In 2006, 13-year-old Megan Meier committed suicide as a result of an elaborate MySpace bullying hoax, perpetrated by her 49-year-old neighbor, Lori Drew. The "landmark" cyberbullying trial was closely watched by legal experts, who decried the indictment as setting a ‘scary’ precedent. Wired.com reported that after local prosecutors couldn’t find any laws that had been broken by Drew, the Feds stepped in, charging her with felony computer hacking. (Drew was later cleared of all charges.)

Whether the law can keep up with a rapidly evolving Internet community remains to be seen, but in the end, it can only do so much. Jeffrey Rosen, a law professor at George Washington University, tells CNN:

The law is only good at policing the most extreme invasions and the most outrageous cases. It can't take the place of good manners, social norms and etiquette – the kind of thing that has always governed negotiations about face-to-face behavior.

What now?
In 2000,Microsoft founder Bill Gates shared his thoughts about the impact of the Internet in the future:

Just as the telephone, electricity, the automobile, and the airplane shaped our world in the 20th century, the Internet will shape the early years of the 21st, and it will have a profound--and overwhelmingly positive — impact on the way we work and live.

Recently, Pew took a survey of leading Internet figures on technology’s role in 2020; their outlook wasn’t as rosy. Two of the survey’s key findings predicted a mixed bag of results:

- The transparency of people and organizations will increase, but that will not necessarily yield more personal integrity, social tolerance, or forgiveness.

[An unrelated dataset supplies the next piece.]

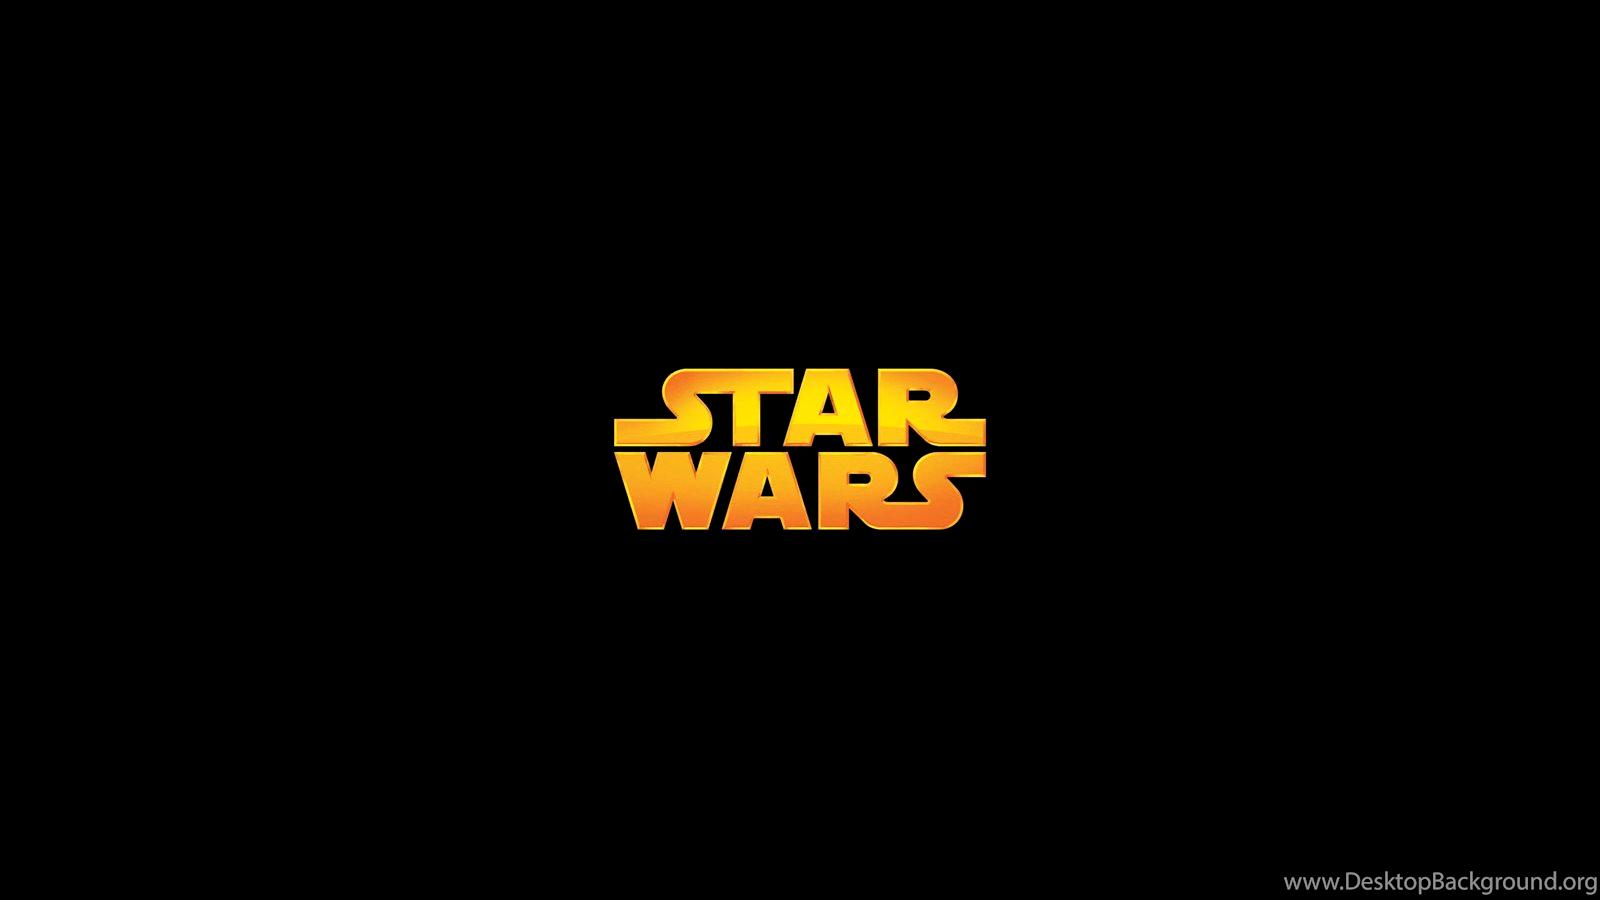 Star Wars Logo Wallpapers Wallpapers Cave Desktop Background
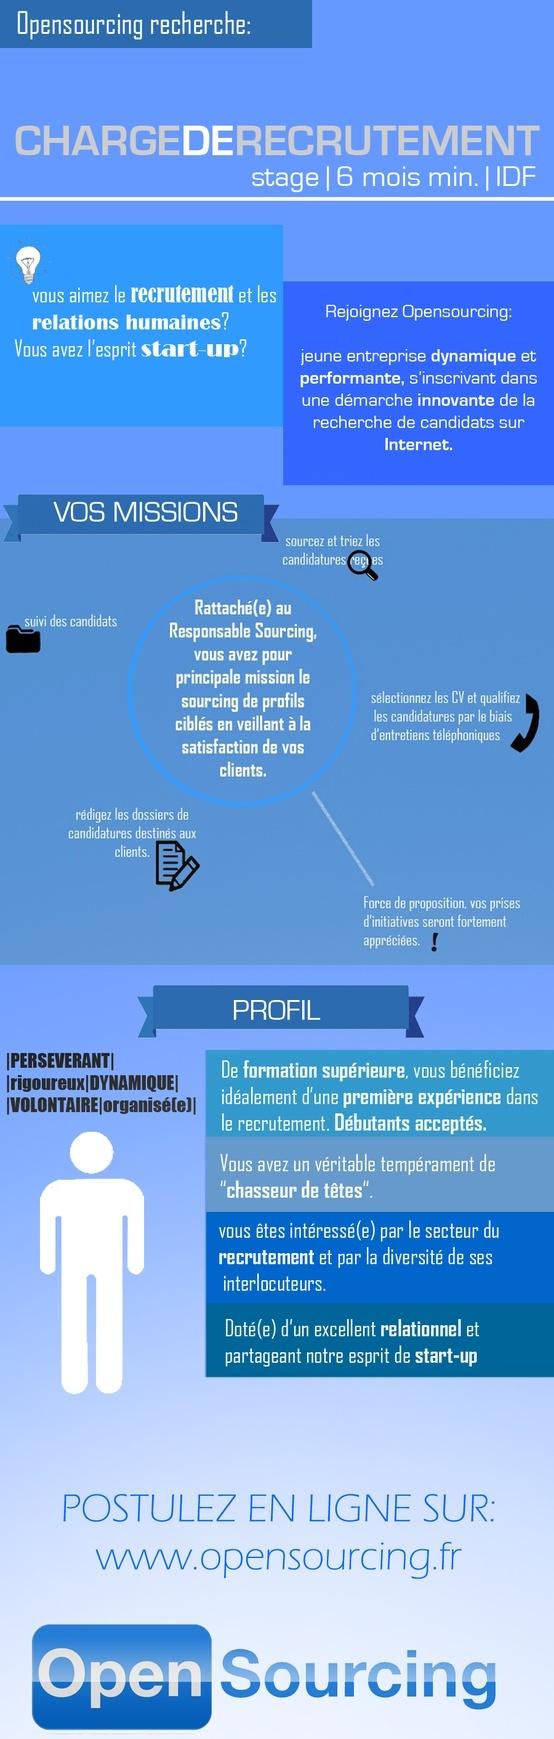 infographiste job lyon

- The divisions between personal time and work time and between physical and virtual reality will be further erased for everyone who is connected, and the results will be mixed in their impact on basic social relations.

For all the Web’s ability to empower and engage users, there’s still something that you can’t download, Digg, upload, tag, tweet, update, or blog: a real-life, in person, human experience. Let's hope that as technology makes the world smaller and smaller, we remember that the world is still out there — beyond the keyboards, servers and computer screens.